By Mary Engel / Fred Hutch News Service
An experimental drug for genital herpes that showed promising results in a small, early-phase clinical trial has done so again in a second trial, this time outperforming the current treatment in a head-to-head comparison, according to a study published Tuesday in JAMA.
“We showed that the new drug, pritelivir, which is still in early development, reduced the rate of viral shedding more than the standard, valacyclovir,” said Dr. Anna Wald, a University of Washington and Fred Hutchinson Cancer Research Center researcher and lead author of the new study. In fact, Wald added, “I was surprised at how much more effective pritelivir was.”
Viral shedding is the stage at which the virus is active and can potentially be spread to sexual partners. Fear of infecting a partner is “the biggest concern for most people with herpes,” said Wald, who is the medical director at the UW Virology Research Clinic.
The results of the phase 2, randomized, double-blind trial published today showed that when people with genital herpes took a daily oral dose of pritelivir, they reduced their rate of viral shedding by half compared to when they took valacyclovir. They also had fewer genital sores and less pain.
Genital herpes is caused by the herpes simplex virus, usually the type called HSV-2. Lifelong and incurable, it is one of the most frequent sexually transmitted infections worldwide. There have been no new treatments in 20 years.
The next step, Wald said, is to continue testing pritelivir to assess its safety. Although the clinical trials conducted so far in humans have shown no serious side effects, the U.S. Food and Drug Administration put a hold on the drug’s clinical use in 2013 because of skin and blood abnormalities shown in a concurrent animal trial. The hold came while the study published today was underway, forcing it to end early.
The German drug maker AiCuris is working with the FDA to partially lift the hold so that pritelivir can be tested in a new clinical trial on patients who are resistant to drugs in the acyclovir family, which include acyclovir, famciclovir and valacyclovir.
“I hope that if the trial for acyclovir-resistant HSV goes well, we would be able to go back to the general population with further trials,” Wald said. “It’s important to develop new drugs for this incredibly common infection.”

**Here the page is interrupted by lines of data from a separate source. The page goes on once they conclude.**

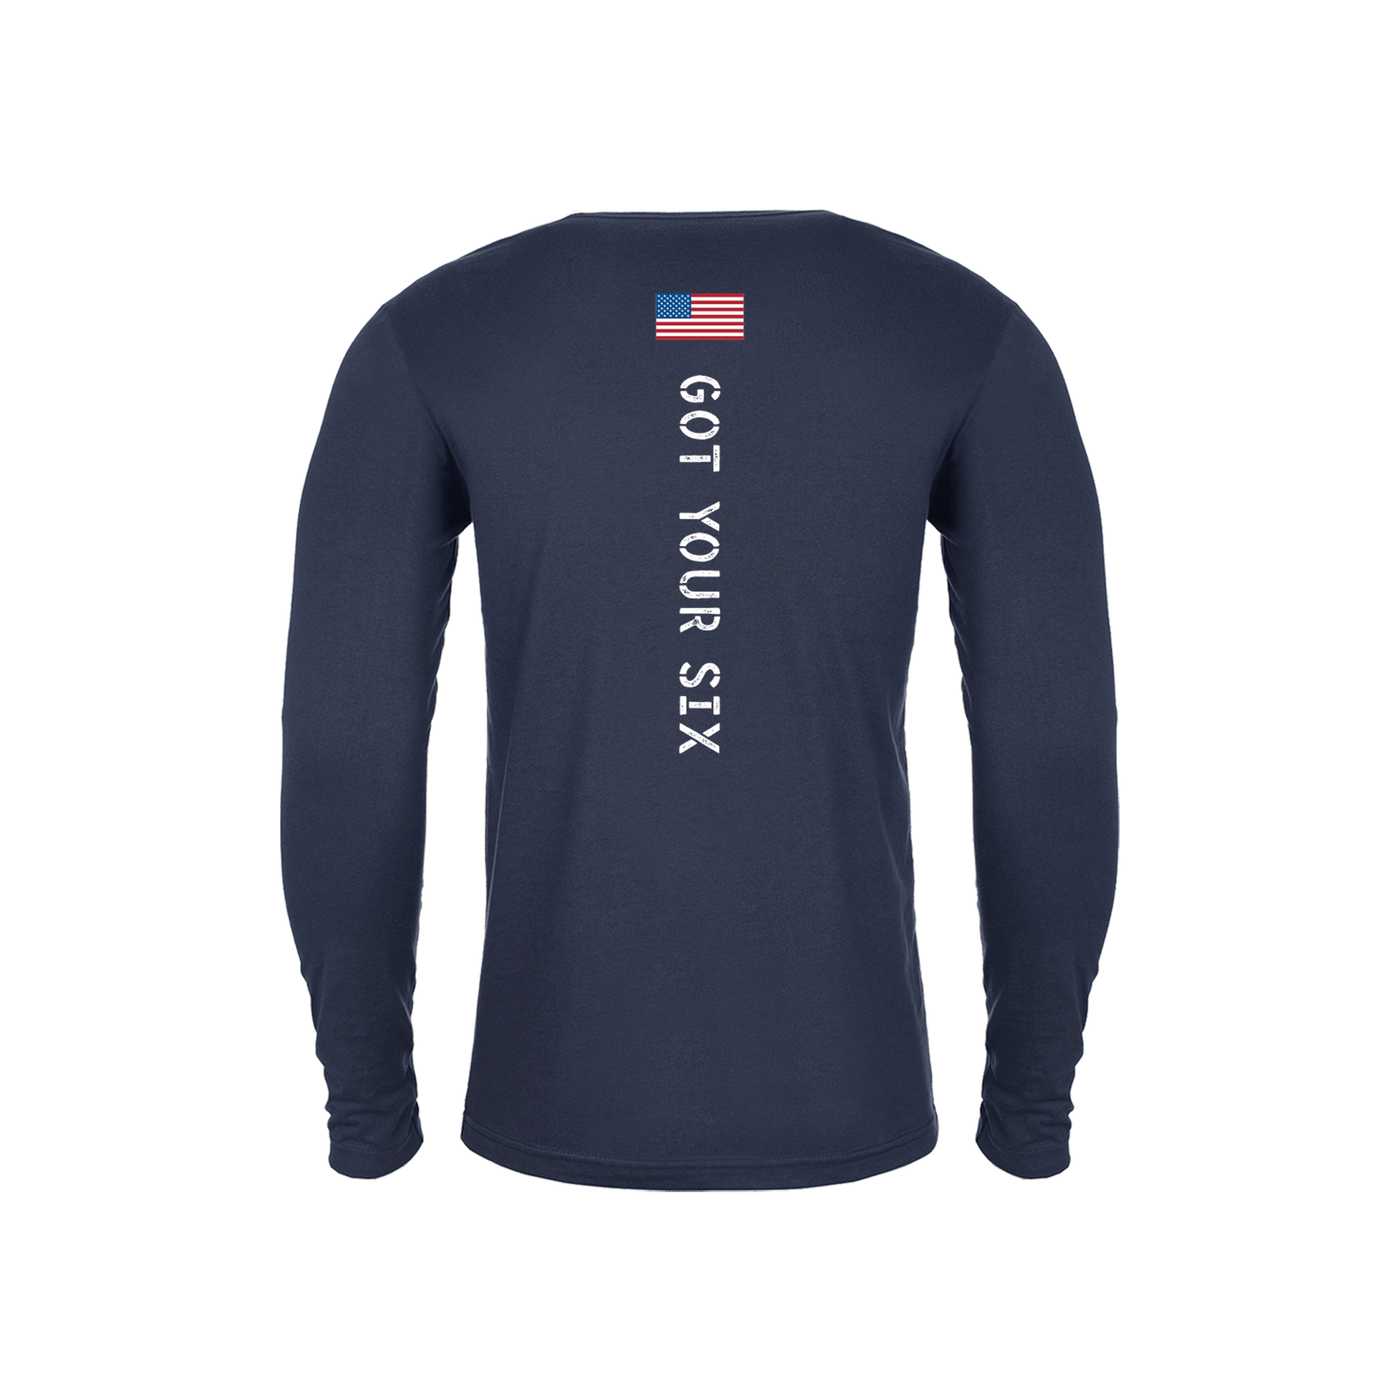 Got Your Six - Long Sleeve Technical Shirt - Navy
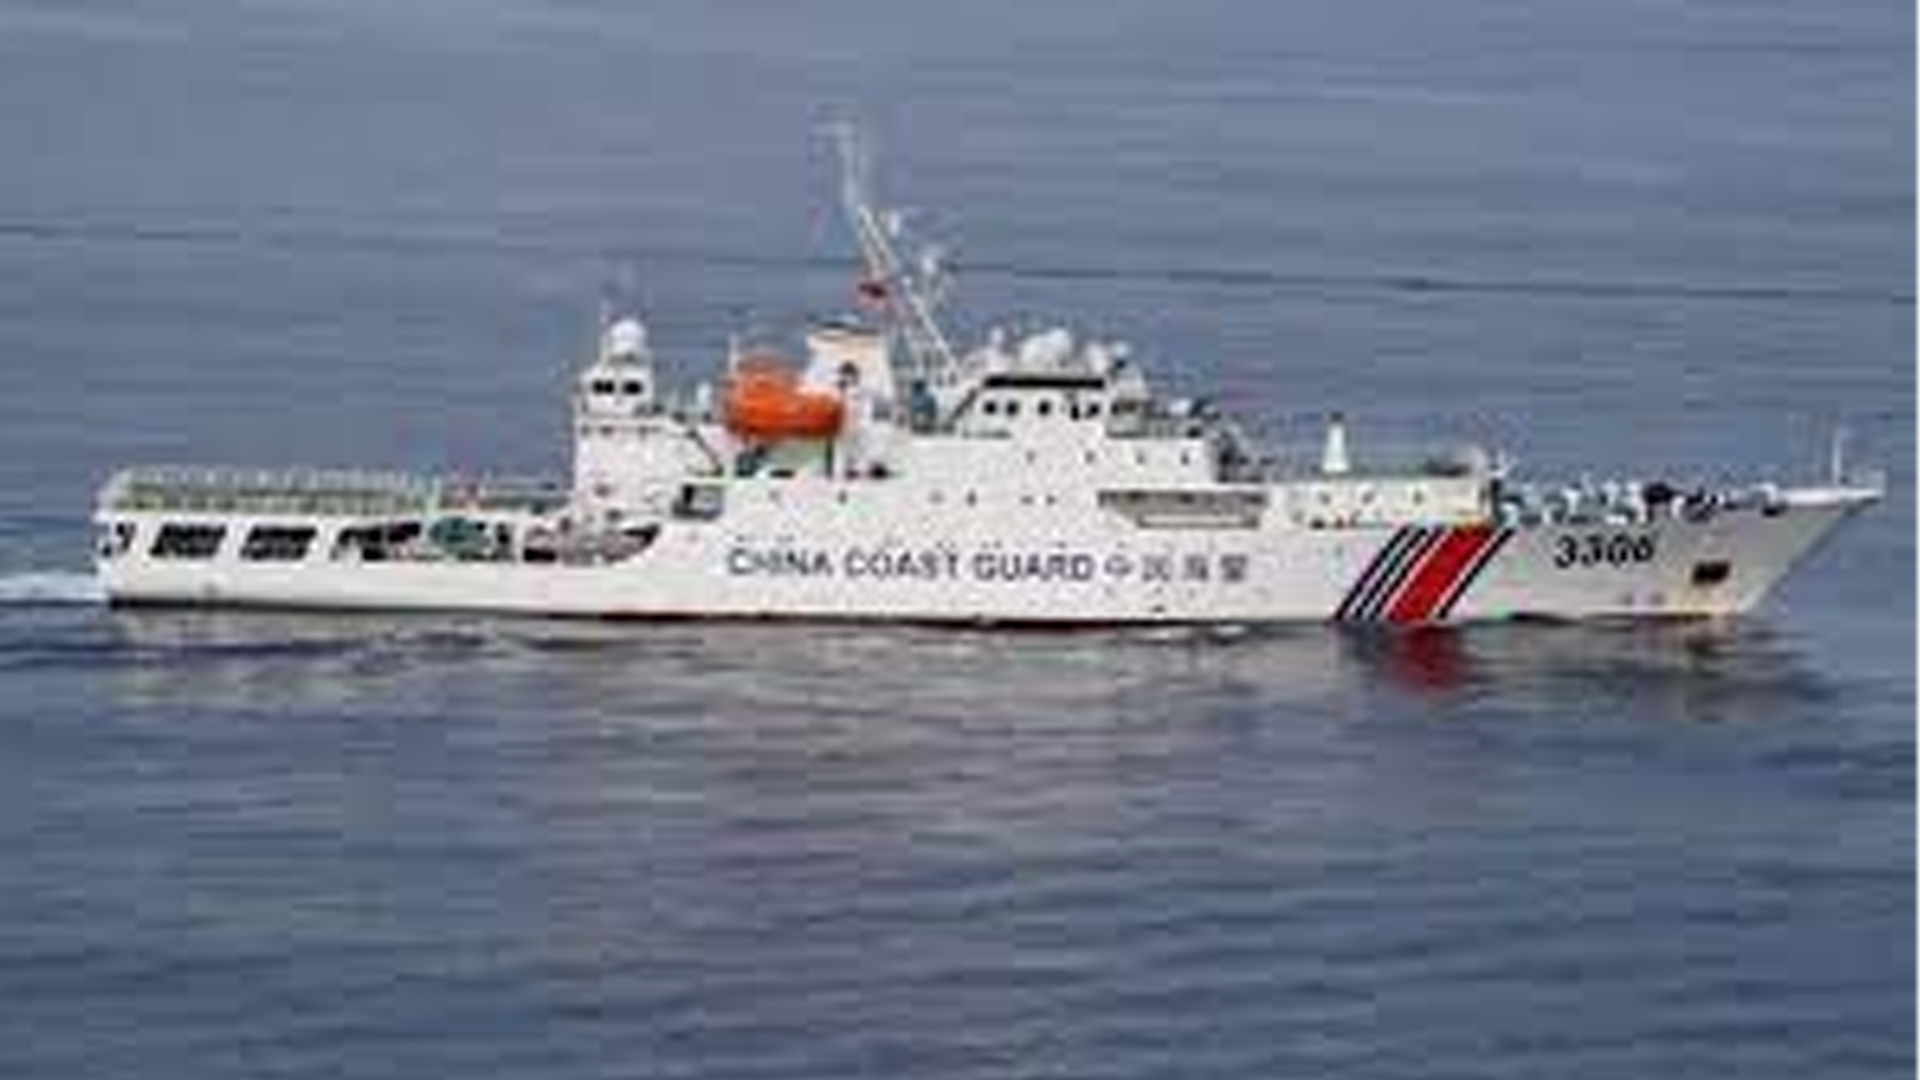 China coast guard patrols territorial waters of Diaoyu islands (Senkaku) on March 20
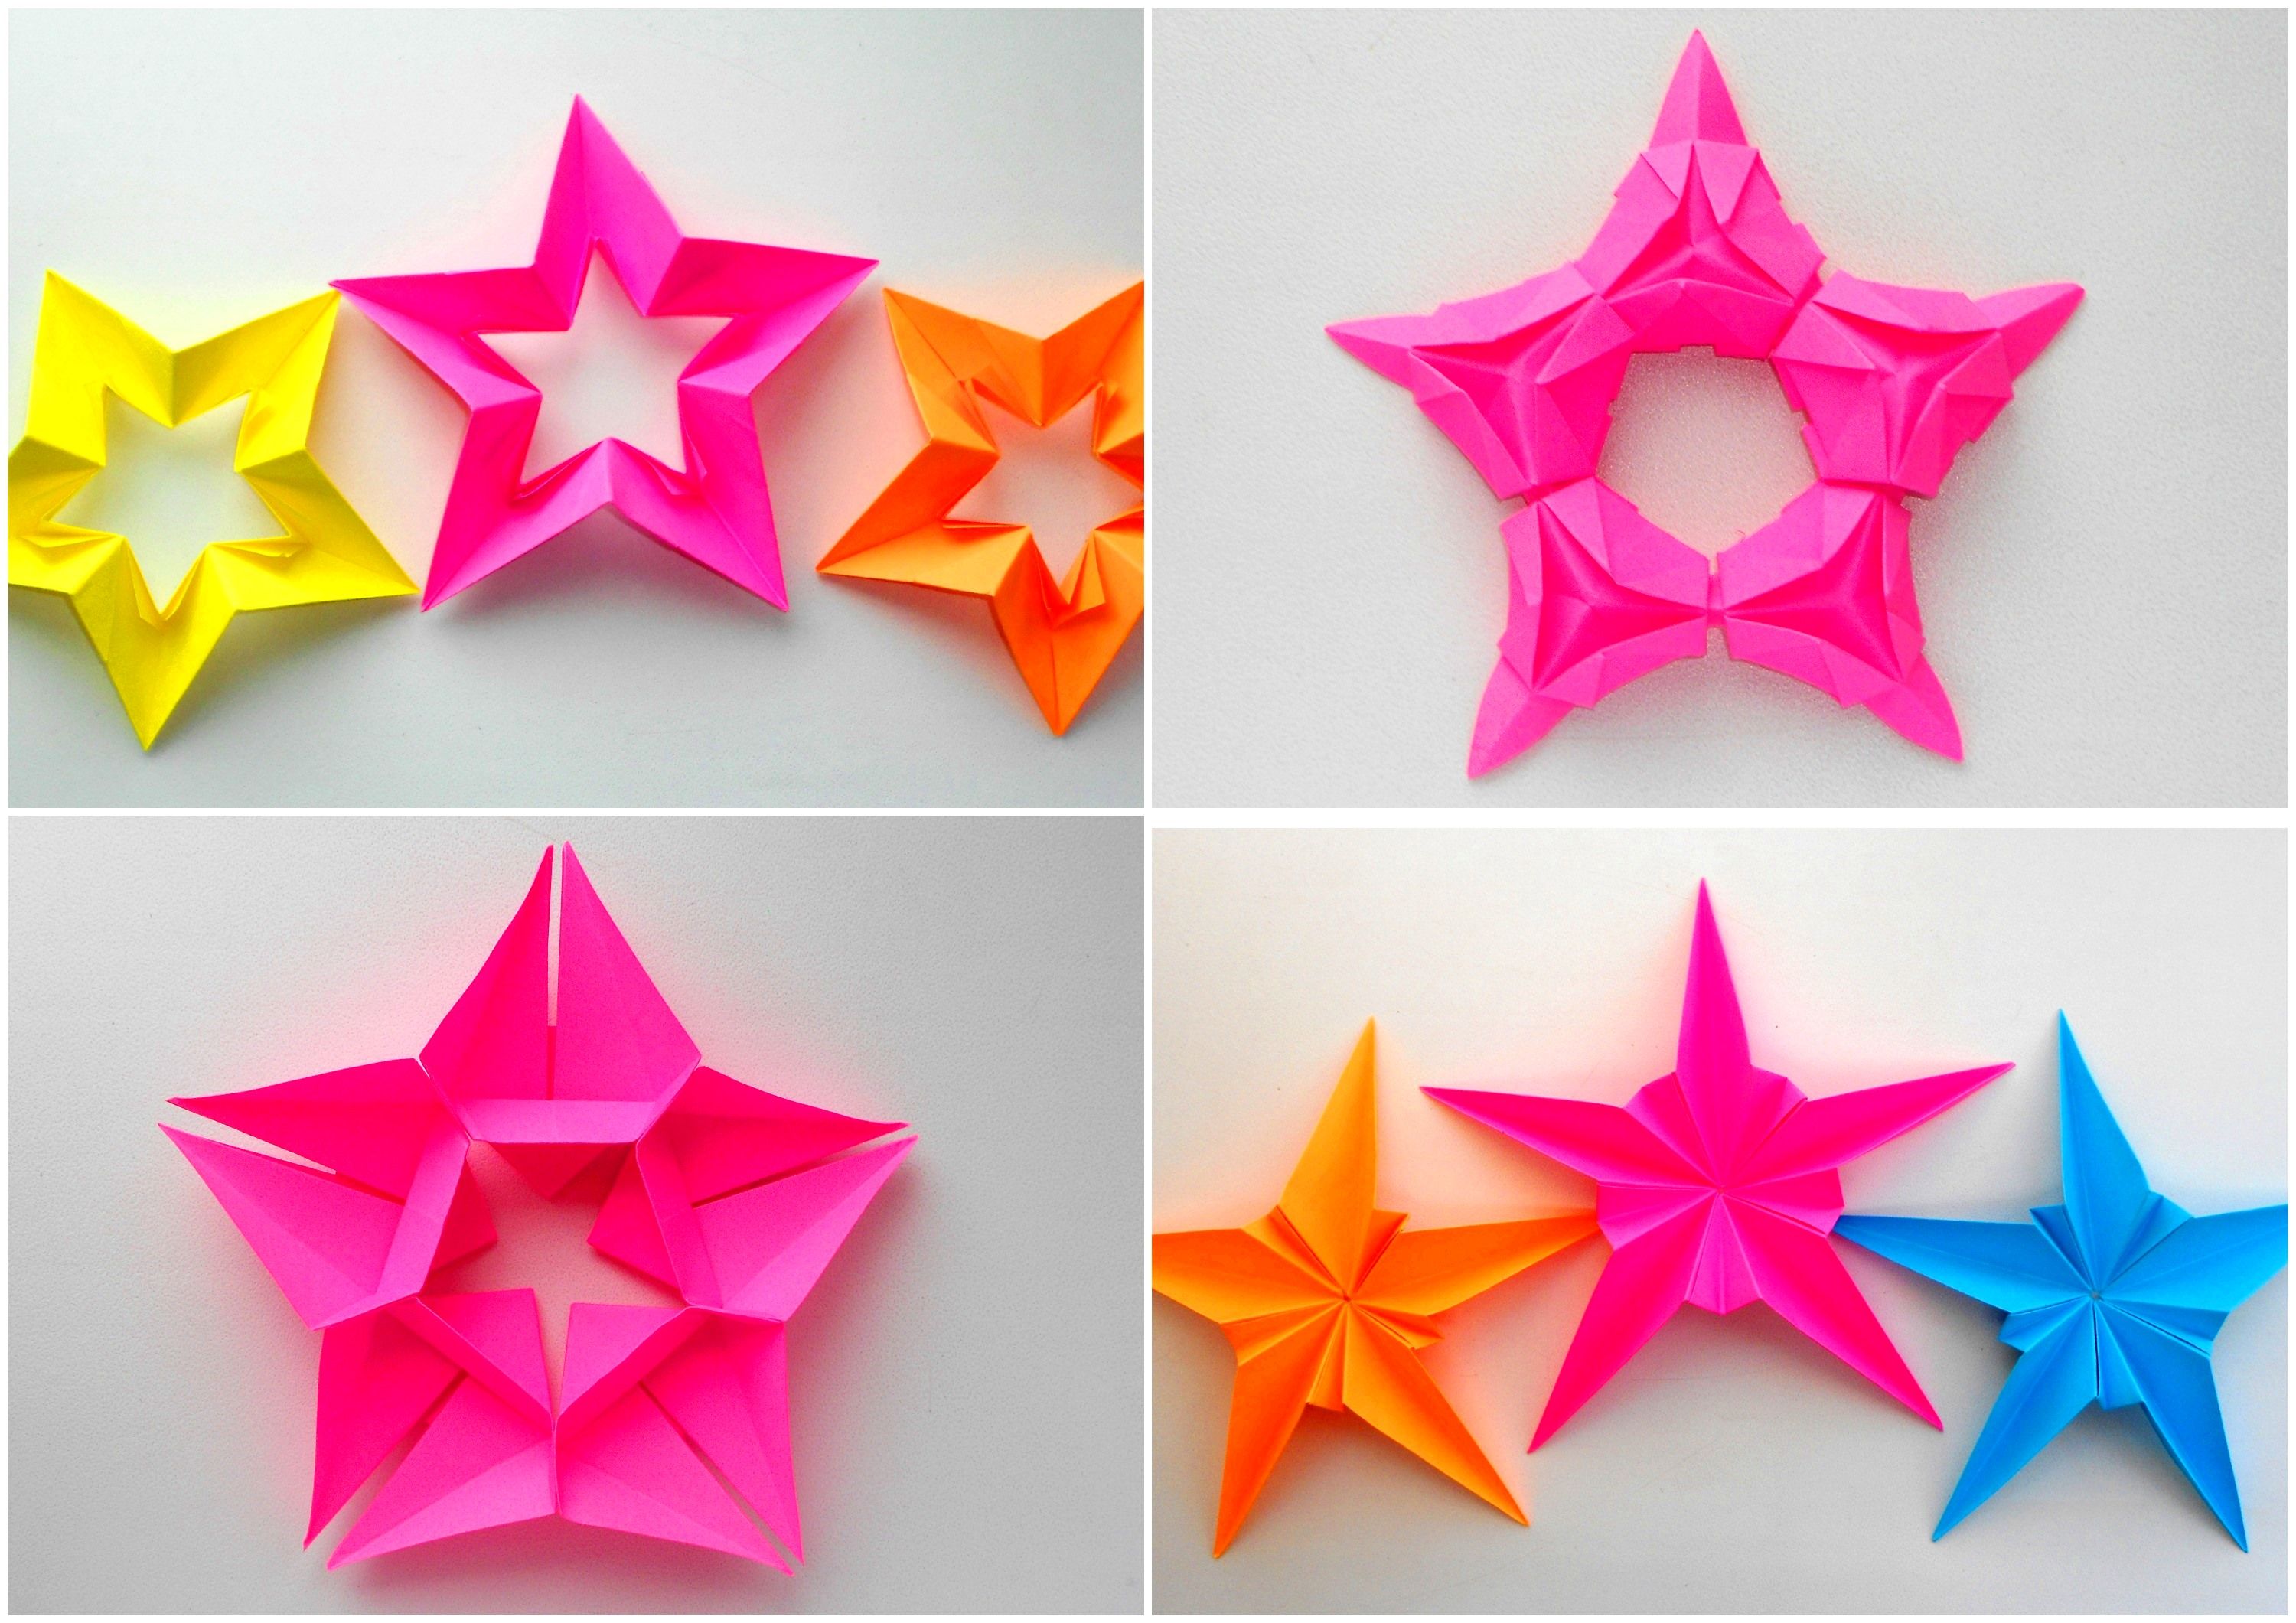 Как сделать объёмную звезду из бумаги и картона своими руками. шаблоны и схема для объемной звезды своими руками. как сделать объемную звезду в технике оригами. как сделать объемную звезду своими руками из бумаги и картона: схемы, шаблоны, оригами

In the U.S., an estimated 16 percent of adults between ages 14 and 49 are infected with HSV-2. The virus spreads through skin-to-skin contact during vaginal or anal sex and can cause painful genital and anal lesions. (Another herpes simplex virus, HSV-1, usually causes cold sores on the lips but can be transmitted through oral sex and cause genital lesions as well.)
The virus can be passed to newborns and cause serious illness or death. In people with suppressed immune systems, such as those undergoing chemotherapy or other cancer treatments, sores can be severe. And HSV-2 infection can increase the risk of getting or transmitting HIV. In sub-Saharan Africa, HSV-2 is one of the main drivers of the HIV pandemic, Wald said.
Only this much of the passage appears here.